Elle le prit de nouveau contre elle et son garçon caressa doucement son dos pour la consoler.
- Ne pleurez pas, mère. Vous l'avez dit vous même, je vais bien, je vais même très bien.
Narcissa souriant quand elle se détacha.
- Tu as raison, il n'y a point à s'attrister. Mais je suis tout de même profondément désolé de ce qui vous arrive, les enfants, qui que vous soyez, vous n'auriez pas dû vous trouver transporter dans la guerre que nous adulte avons commencé, dit-elle ensuite gravement.
Draco secoua la tête.
- Ce qui est fait est fait, mère, dit-il philosophiquement. Nous ne pouvons revenir sur le passé.
Il jeta un coup d'œil par-dessus son épaule et Narcissa fronça légèrement les sourcils.
- Quelque chose ne va pas ?S'inquiéta-t-elle rapidement.
Draco sourit rapidement.
- Non, tout va bien. Je prévenais juste les personnes avec qui j'étais venu que tout allait bien, justement, dit-il simplement.
Narcissa haussa un sourcil.
- Tu n'es pas venu seul ? S'étonna-t-elle agréablement.
- Ce n'est pas que je n'ai pas confiance en vous, mère, bien au contraire ! Mais Harry et Blaise ne voulaient pas me laisser venir seul. Au cas où, voyez.
Sa mère cligna des yeux et observa son fils le temps d'un instant.
- Harry ? S'étonna-t-elle de nouveau avec une voix douce.
Draco perdit son sourire et pâlit.
- Potter. Je voulais dire... Potter.
La Dame Malfoy connaissait bien son fils - bien entendu qu'elle connaissait son petit Dragon. Ce fut pourquoi elle sourit malicieusement.
- C'est étrange. J'aurais pourtant juré que tu l'avais appelé Harry.
Sous ses yeux ébahis, son enfant si stoïque, si trop bien élevé par Lucius et qui portait un masque d'impassibilité depuis qu'il avait neuf ans, rougit. Narcissa se mordit l'intérieur de la joue pour s'éviter de sourire.
- Ne commencez pas, mère, souffla son enfant en baissant les yeux.
Cette fois-ci, elle sourit un peu plus visiblement et caressa doucement sa joue.
- Tu as l'air heureux. Tu as fait tes propres choix, c'est quelque chose de profondément ancré dans la famille Black, et tu tiens de Sirius pour ça, s'amusa-t-elle. Donc... Harry Potter, hm ? Qui l'aurait cru.
Draco lui jeta un petit regard pour juger de ses pensées et sourit doucement.
- Pas nous en tout cas, souffla-t-il dans un rire.
Elle hocha la tête et sortit de sous sa cape le sac qu'elle avait rempli à Gringotts.
- C'est pour lui que tu voulais que j'aille dans le coffre de ma sœur, n'est-ce pas ?
Draco hocha vivement la tête, l'œil pétillant.
- Vous avez réussi ? S'enquit-il.
- Que crois-tu, Draco ? S'amusa sa mère en haussant un sourcil. Tu ne tiens pas tout de ton géniteur, susurra-t-elle enfin.
Elle sortit presque religieusement la coupe de Helga Poufsouffle du sac qu'elle avait pris pour la transporter.

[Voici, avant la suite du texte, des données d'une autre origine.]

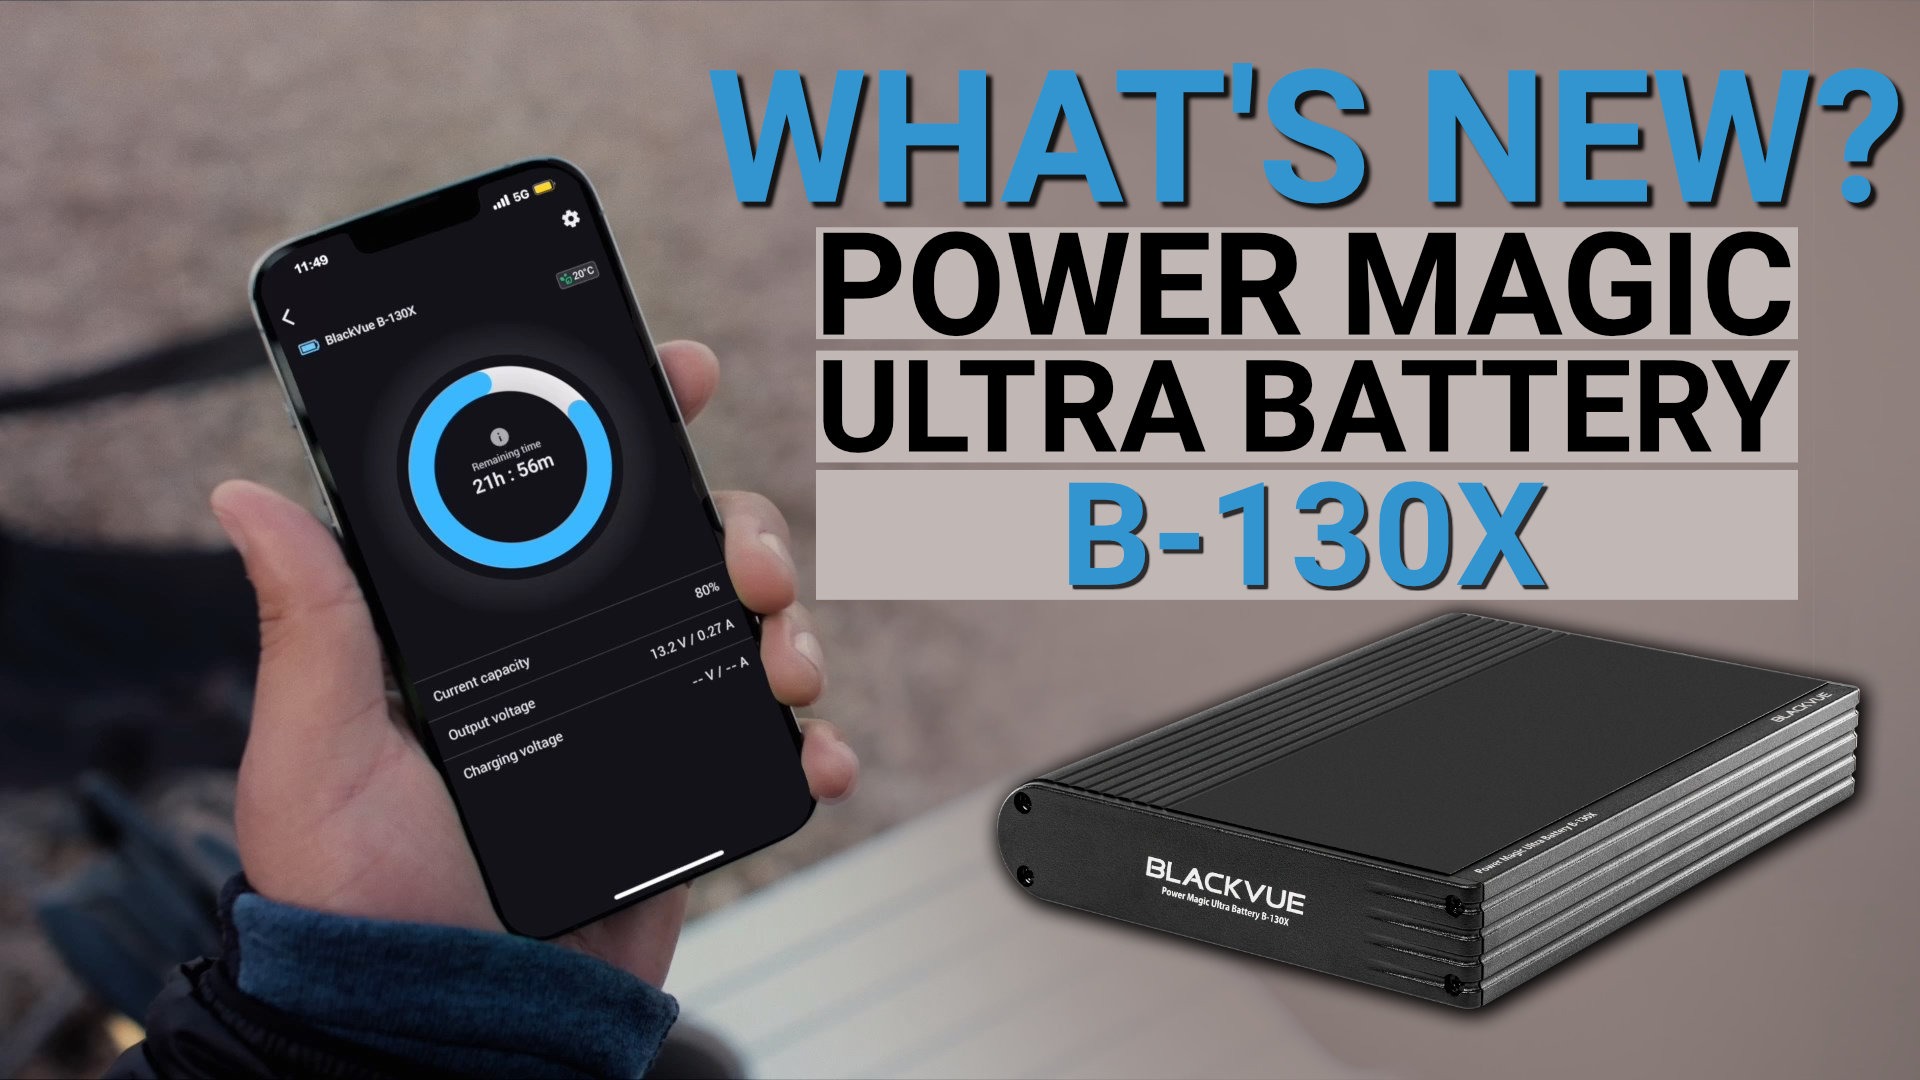 Power Magic Ultra Battery B-130X – What’s New

- Je ne pensais pas que ma sœur avait de telles beautés dans son coffre... mais je suppose qu'il vaille mieux que je ne sache pas pourquoi, n'est-ce pas ?
- En effet, vous ne voulez pas, Lady Malfoy.
Ladite Malfoy se tourna légèrement pour voir un jeune homme s'approcher. À peine plus petit que son Dragon, des cheveux hirsutes noirs comme les plumes d'un corbeau et des yeux verts magnifiques, Narcissa n'eut aucun de mal à le reconnaitre. Elle hocha légèrement la tête dans sa direction.
- Lord Potter, dit-elle simplement.
Le Gryffondor sourit légèrement et se pencha vers elle dans une courbette sans forme mais avec un véritable fond.
- Madame.
Elle ne manqua pas le regard que les deux garçons échangèrent un instant et elle sentit son cœur se gonfler. Trouver l'amour dans une situation pareille était le plus beau signe d'espoir qu'on pouvait avoir. Narcissa baissa la tête vers le sac et le tendit légèrement vers le Survivant.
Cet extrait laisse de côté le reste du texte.